### Assignment
Write out the lines of the material below exactly, beginning at the line with "Scopri le migliori" and stopping after the line with "SIO Płyn przeciw komarom i kleszczom, 100ml", and leave out the pictures.

### Input data

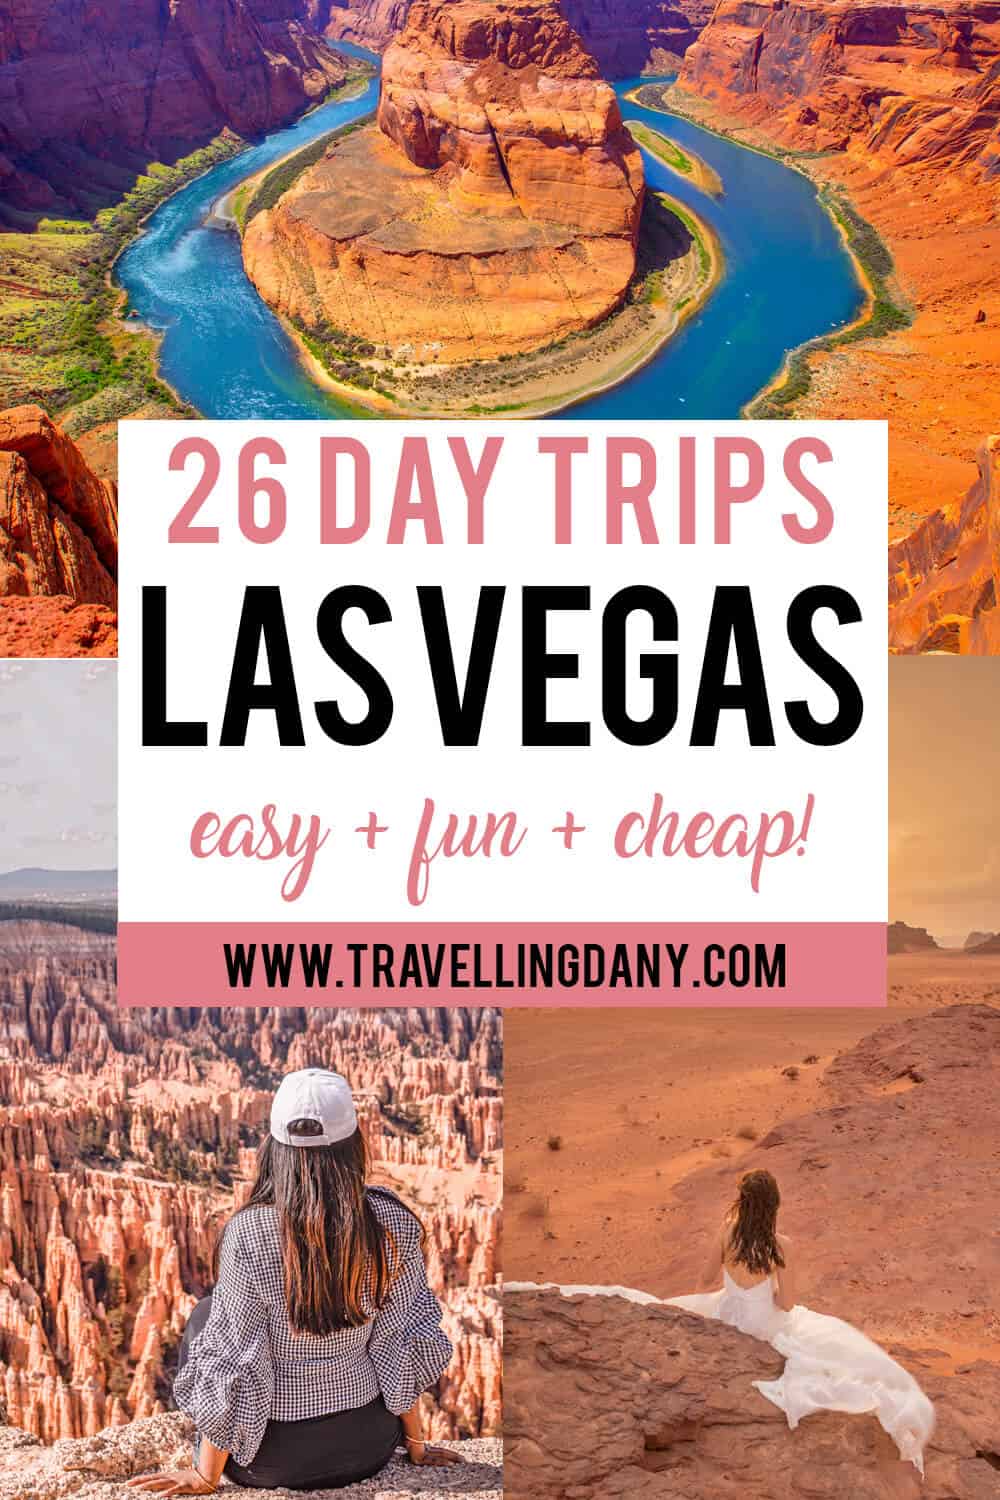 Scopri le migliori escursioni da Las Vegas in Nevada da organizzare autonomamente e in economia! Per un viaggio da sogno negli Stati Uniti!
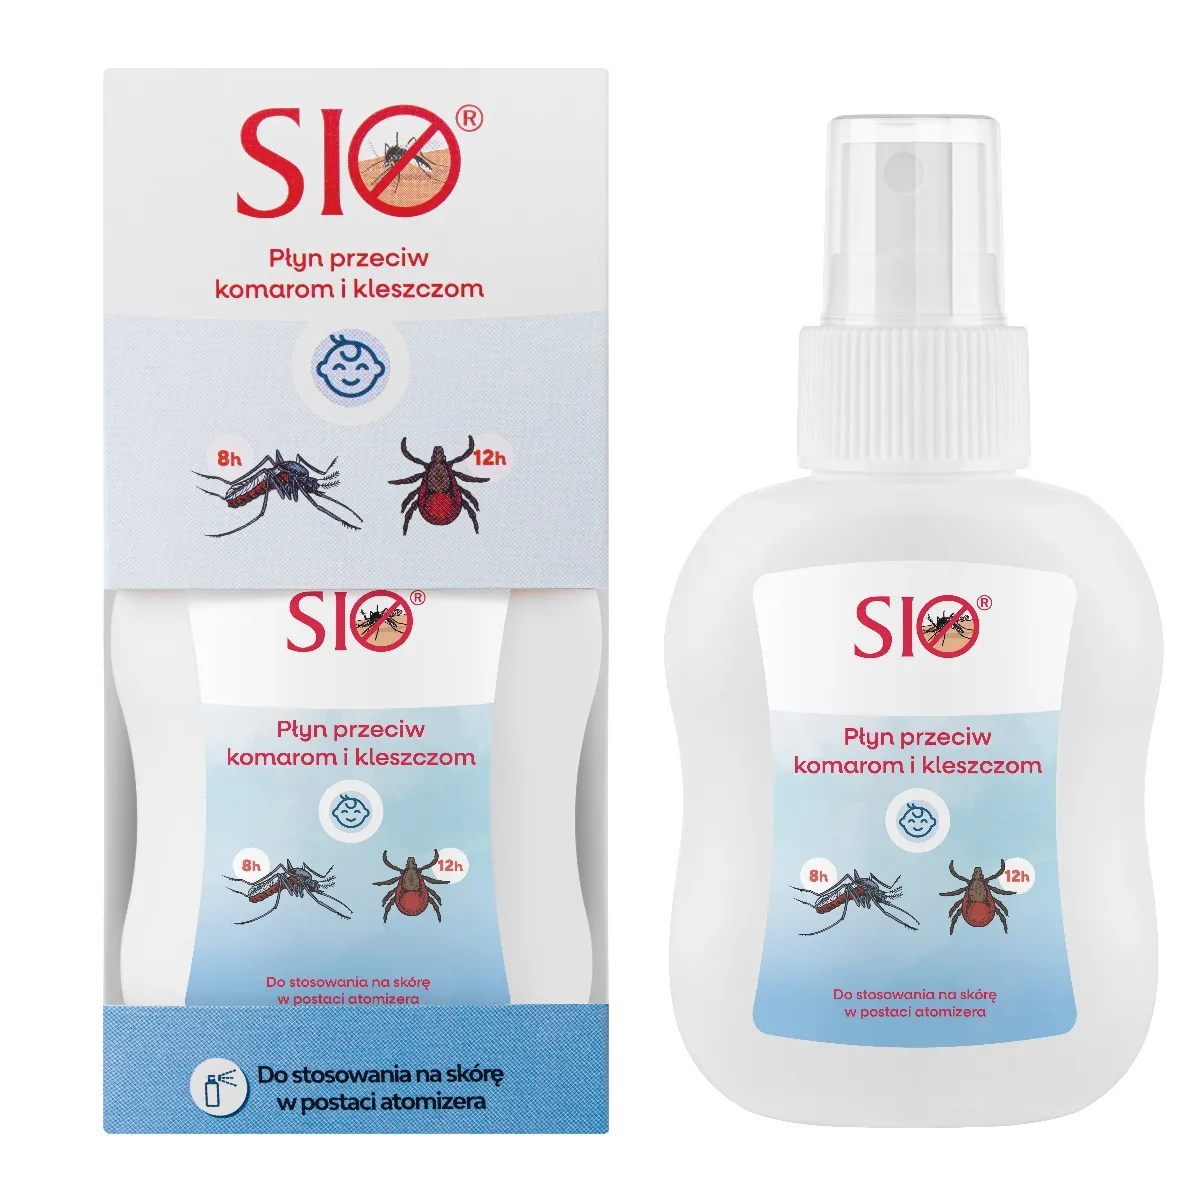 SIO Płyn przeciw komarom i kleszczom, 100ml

==

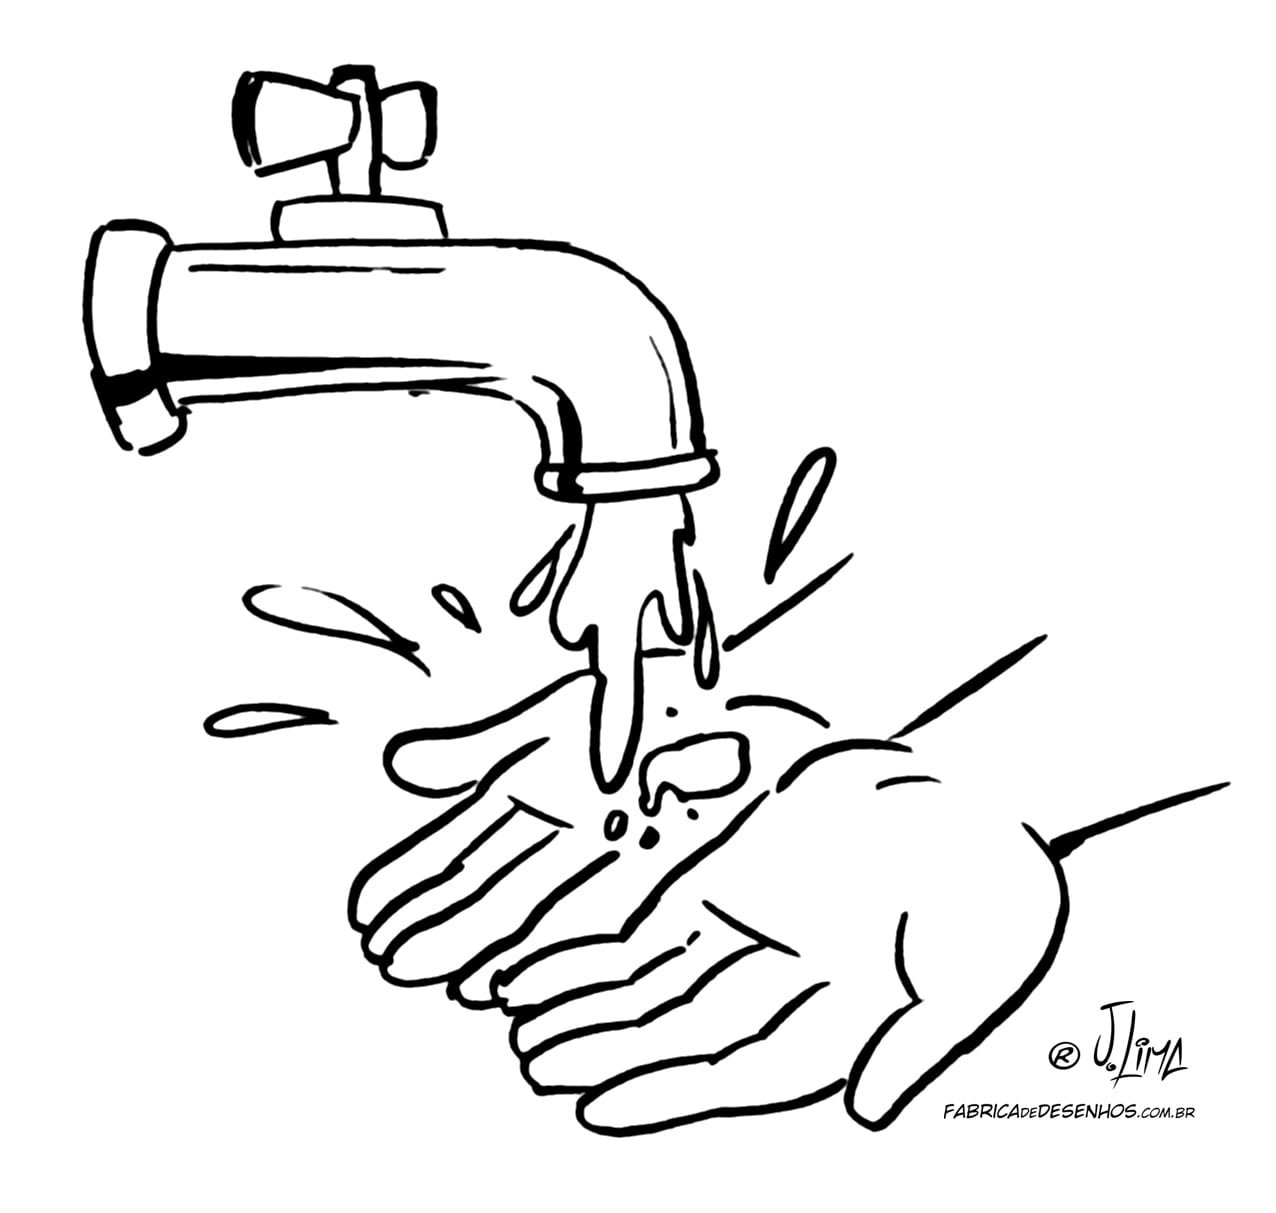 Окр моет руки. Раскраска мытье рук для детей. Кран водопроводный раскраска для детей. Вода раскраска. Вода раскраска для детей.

### Task output
 Scopri le migliori escursioni da Las Vegas in Nevada da organizzare autonomamente e in economia! Per un viaggio da sogno negli Stati Uniti!
 SIO Płyn przeciw komarom i kleszczom, 100ml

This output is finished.